油布底下的箱子封条上盖着朱红大印,印文是“军饷直拨处核发”——这六个字,整个通州城的官吏没人敢拦。
从通州到山海关,六百里官道,锦衣卫轮班护卫,昼夜不停。
张忠骑在最前面,一只手按在刀柄上,眼珠子不停地扫着官道两侧的树林。
他心里清楚自己押的是什么——不是二十万两银子,是新君的面子,是辽东五万将士的命,是直拨制的第一块试金石。
如果这批银子在路上出了事,不用皇爷开口,他自己就会把脑袋挂在崇文门的城楼上。
第三天傍晚,车队在抚宁驿歇脚。
张忠刚把银车安置好,一个锦衣卫缇骑从后面追上来,递给他一封鸡毛信。
信是沈炼从宁远发来的,只有两行字:“有旧监军太监周某,闻饷银将至,欲联络通州吏截银。已拿,饷车过山海关后,速改走锦州道。”
张忠把信凑到火上烧了,然后对手下说:“改道。不走山海关正门,从锦州道绕。”
“百户,锦州道多绕八十里——全是山路。”
“绕。”张忠翻身上马,“八十里换二十万两平安,值。”
没有人再说话。
火把在夜风中摇晃,车队在沉默中起程。
驮着两百个沉甸甸木箱的骡车在碎石路上发出单调的咯吱声,从一条渐渐隐没在夜色中的官道,拐入了另一条更黑更窄的山路。
同一时刻,宁远城外的演武场上,袁崇焕正在练兵。
演武场在城西的一片荒滩上,方圆三里,地上全是碎石子。
袁崇焕站在一个临时搭起来的土台子上,手里举着铁喇叭。
台下是两千名从宁远各卫所抽调来的兵士,按百人一队排成二十个方阵。
每个方阵前面站着一个百户,百户们脸上的表情各不一样——有的兴奋,有的紧张,有的明显是被人从被窝里薅起来、满脸写着不服。

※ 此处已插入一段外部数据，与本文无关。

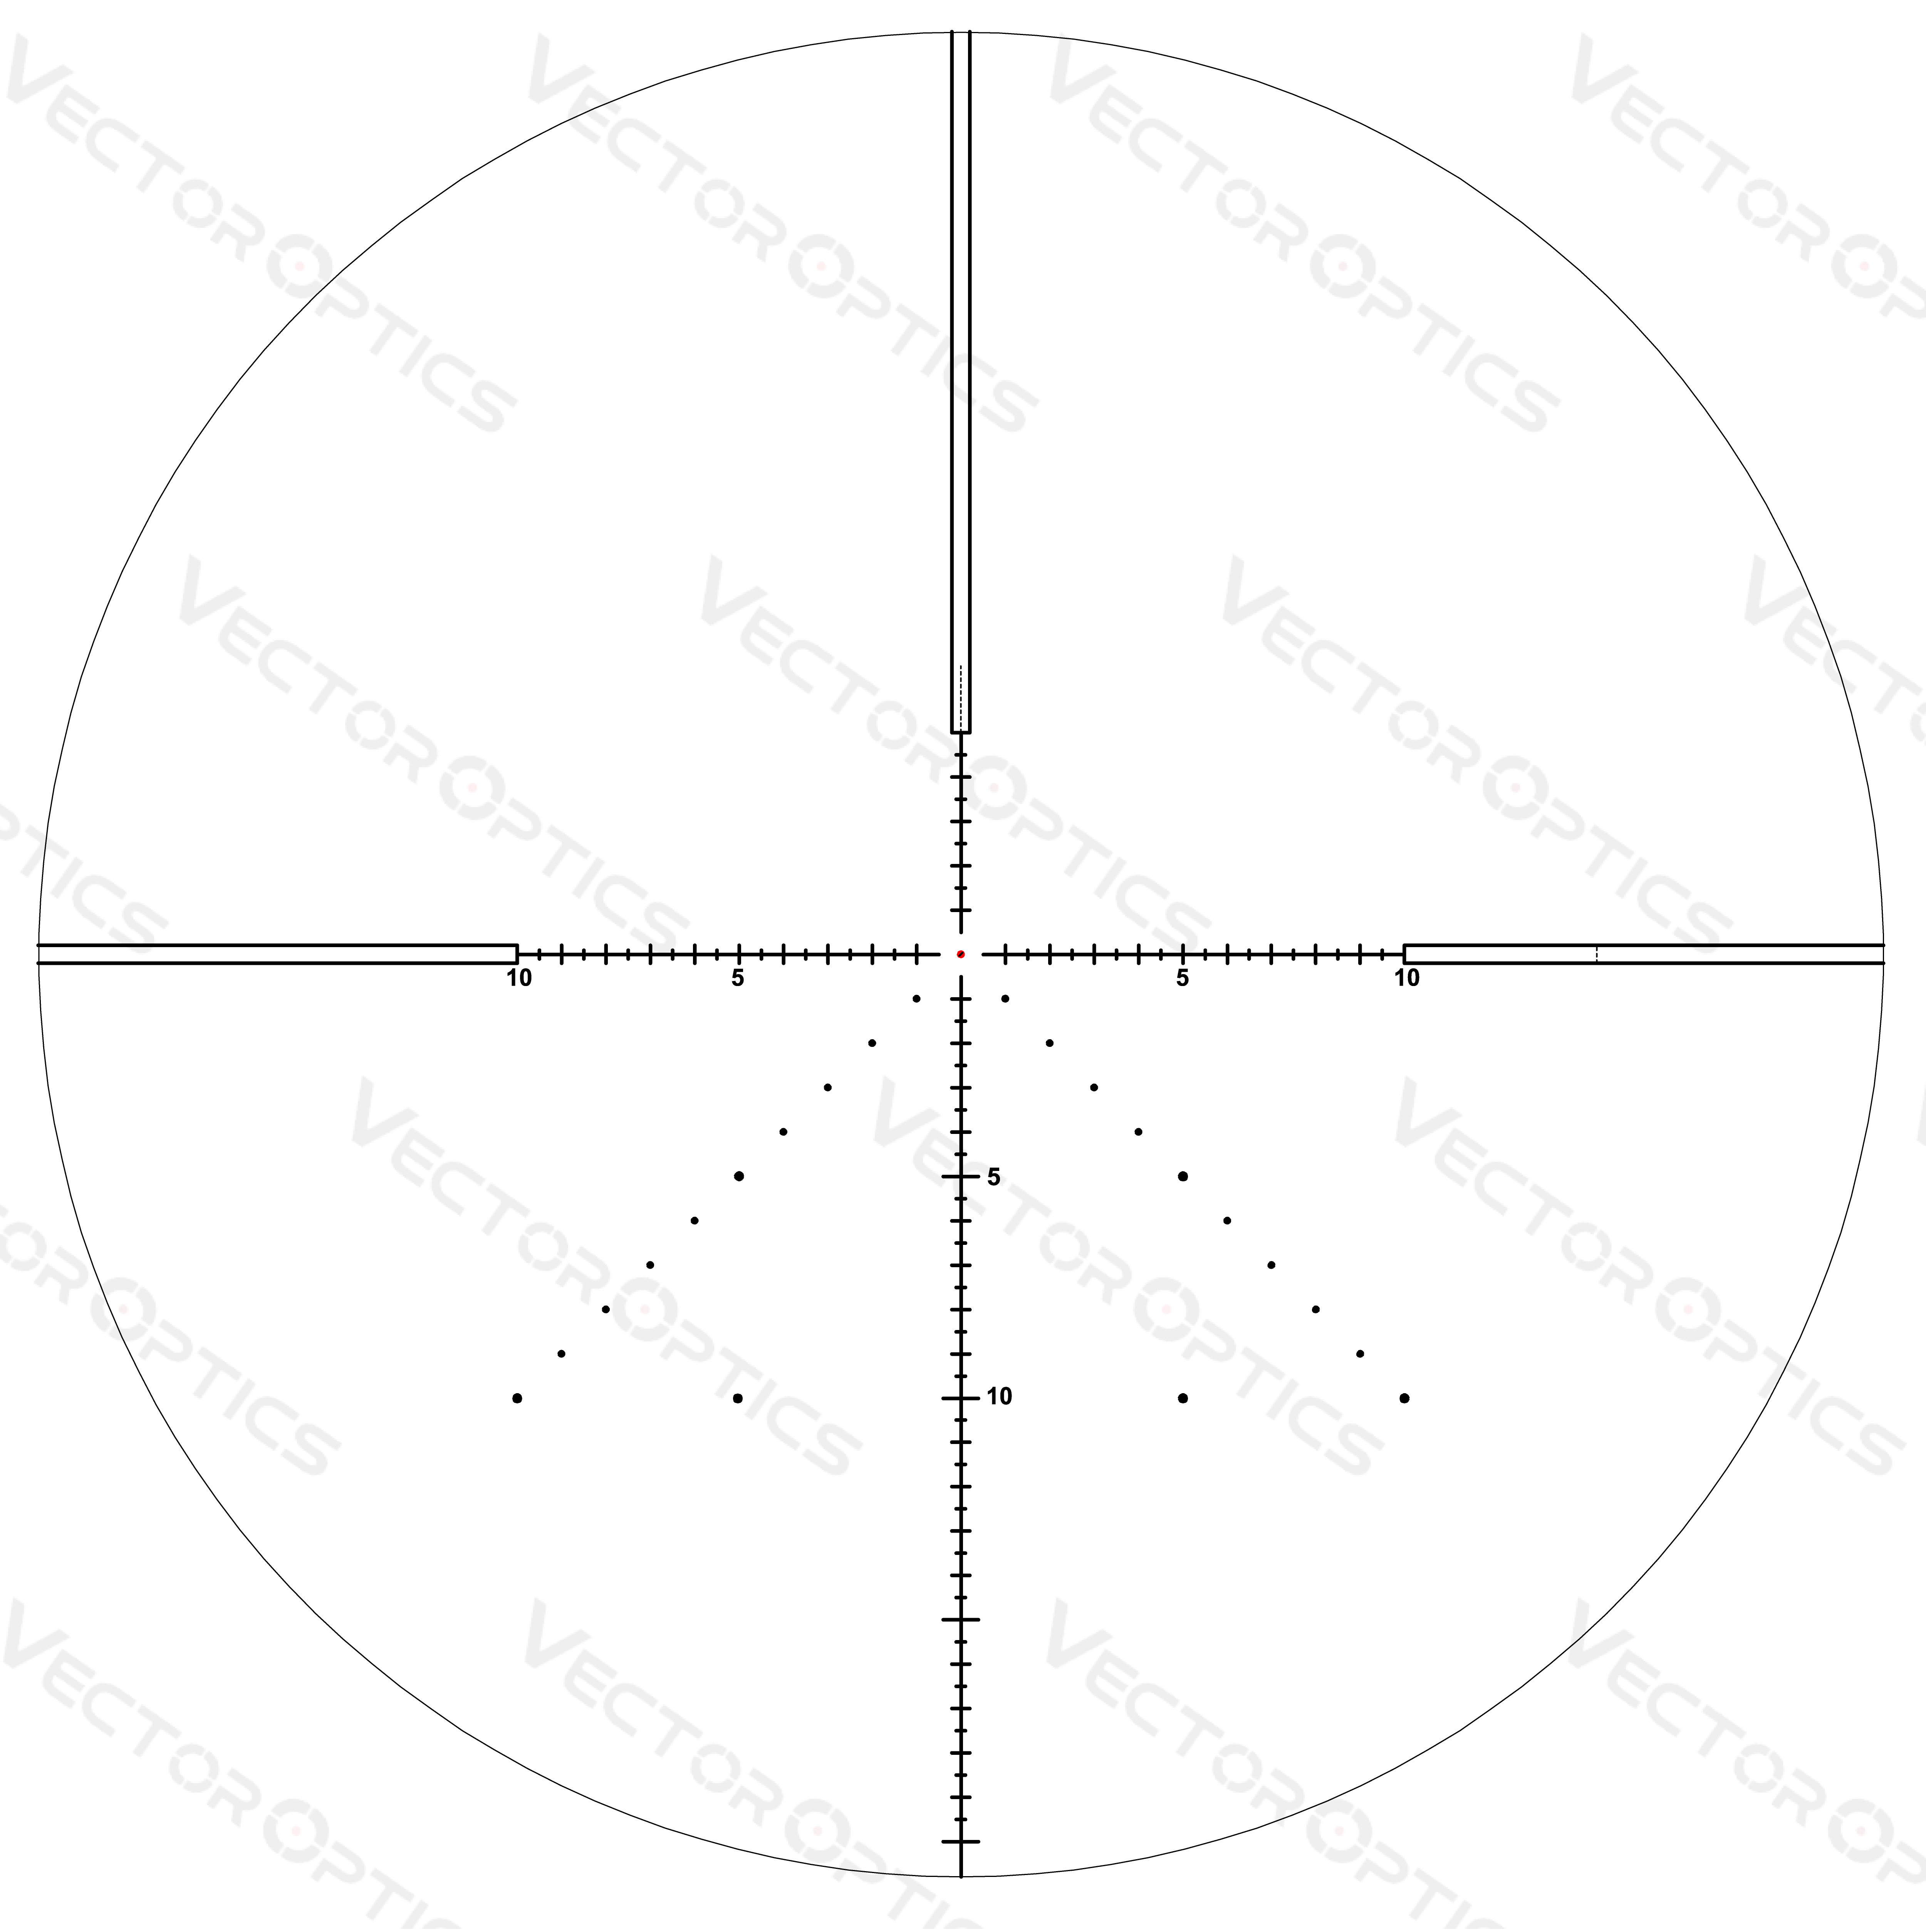 ベクターオプティクス Veyron 4-16x44 IR FFPライフルスコープ イルミネーション付き Vector Optics Veyron 4-16x44  IR First Focal Plane Riflescope Illuminated SCFF-38 TSUBOMI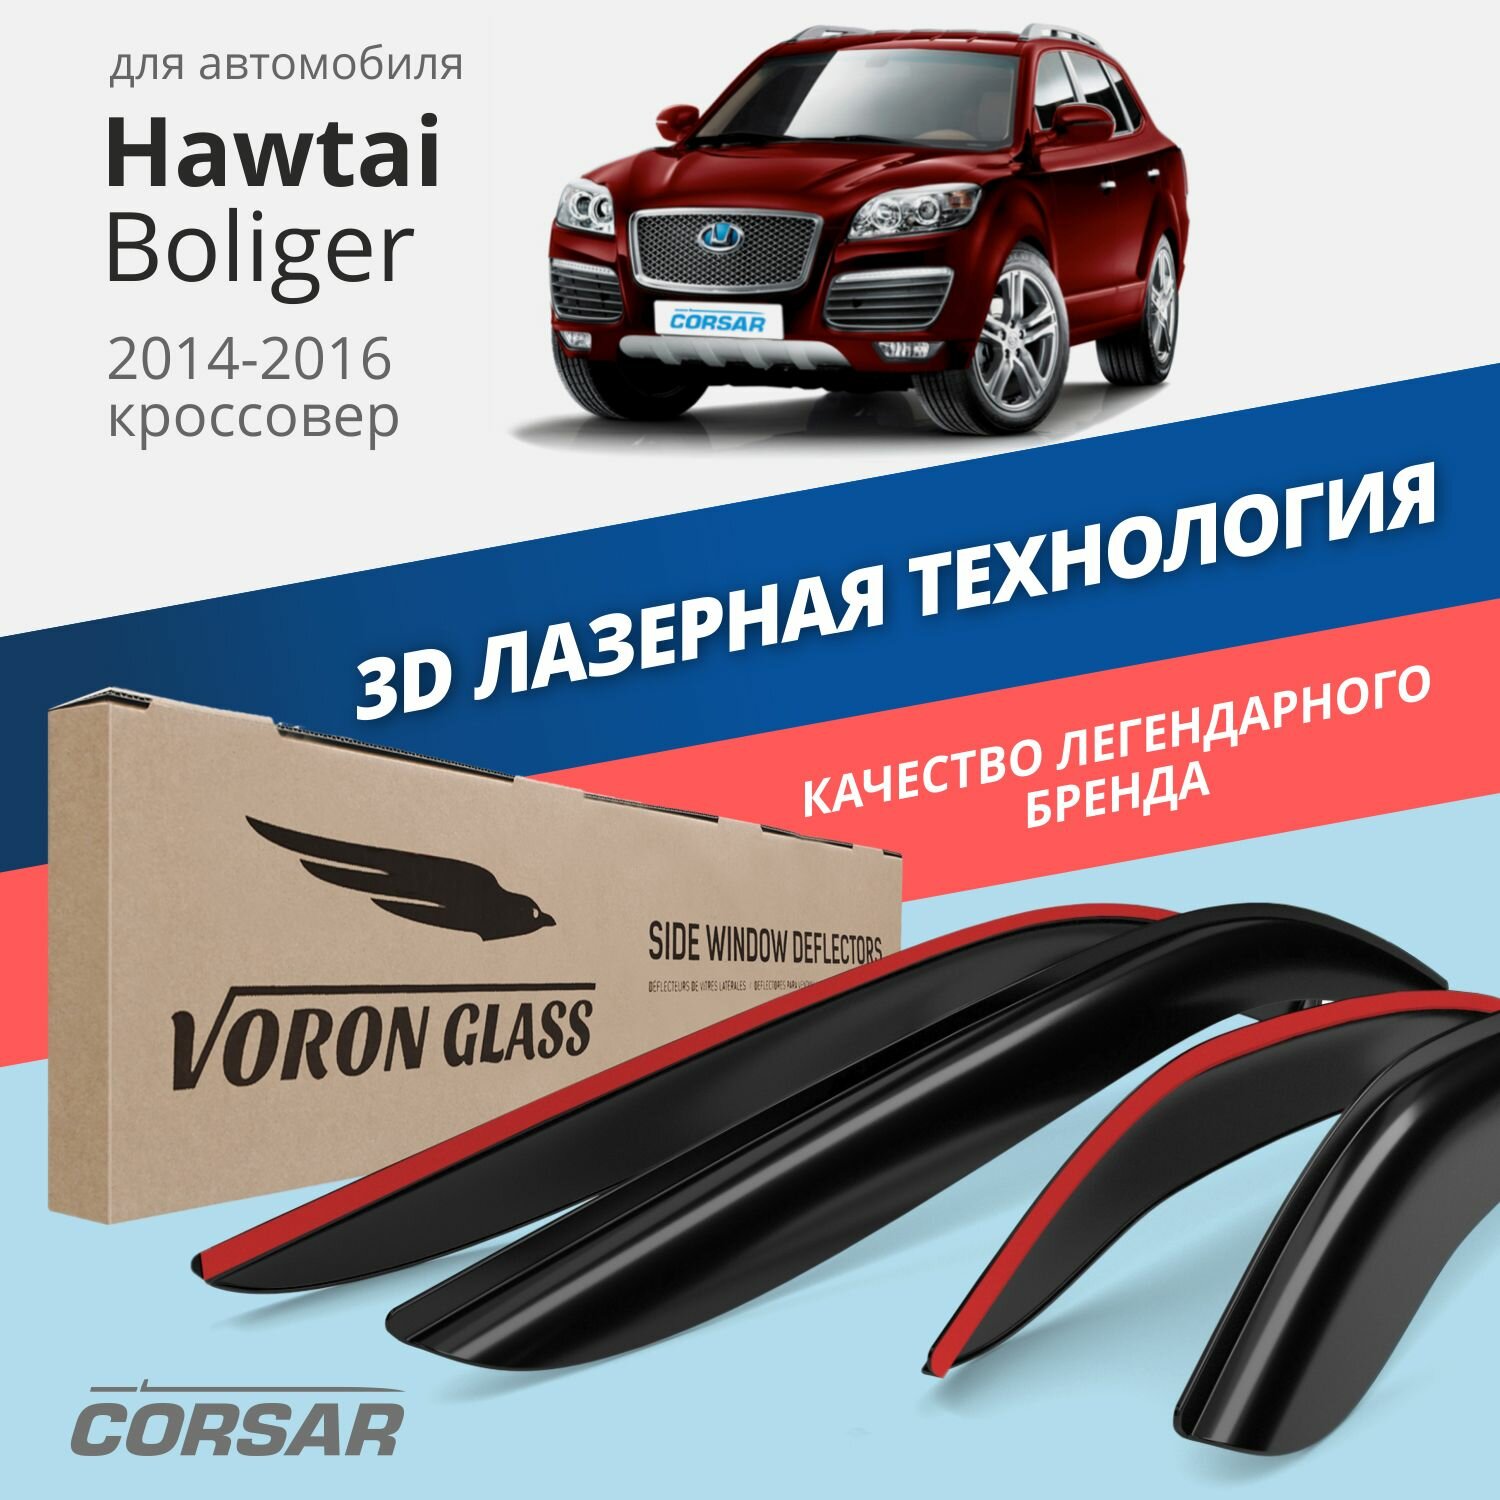 Дефлекторы окон Voron Glass серия Corsar для Hawtai Boliger 2014-2016 накладные 4 шт.

“今天是第一天。”袁崇焕的声音通过铁喇叭传遍了整个演武场,压过了荒滩上呼啸的北风,“知道为什么把你们从卫所里拉出来吗?”
方阵里没人应声。
辽东的兵都是老兵油子,知道这时候出声就是找骂。
“因为要换打法了。”袁崇焕从土台子上走下来,走到最近的一个方阵前面,盯着前排一个年轻兵士的眼睛,“你叫什么名字?”
“回督师!小的叫赵铁柱!”
“多大了?”
“十九!”
“打过几仗?”
“三仗!宁远一仗,锦州两仗!”
“用的什么兵器?”
“三眼铳!”赵铁柱挺着胸脯,声音洪亮。
袁崇焕从旁边一个匠人手里接过一杆燧发枪。
枪管是新打的,泛着暗蓝色的油光,枪托是辽东本地的柞木,纹路细密。
他把枪递给赵铁柱:“拿过这种枪没有?”
赵铁柱双手接过去,掂了掂分量,一脸迷惑:“督师,这枪……没有火绳?”
“对。这叫燧发枪,不用火绳,雨天也能打响。装弹比你那杆老铳快一倍,射程远三成。”袁崇焕转过身,对着全场举起铁喇叭,“从今天起,所有人换装燧发枪。老铳入库,不再配发。”
方阵里一阵骚动。
兵士们交头接耳,有人伸着脖子看赵铁柱手里那杆新枪,也有人皱着眉头低声嘟囔:“不用火绳?雨天怎么点火?撞上哑火怎么办?”
袁崇焕听到了那些嘟囔。
他没有发火,而是让人在演武场上竖起二十个箭靶,然后从匠人手里接过一杆已经装好弹的燧发枪,举枪、瞄准、扣动扳机。燧石撞击火镰的声音清脆利落,枪口喷出一道火光,靶子应声炸开一个窟窿。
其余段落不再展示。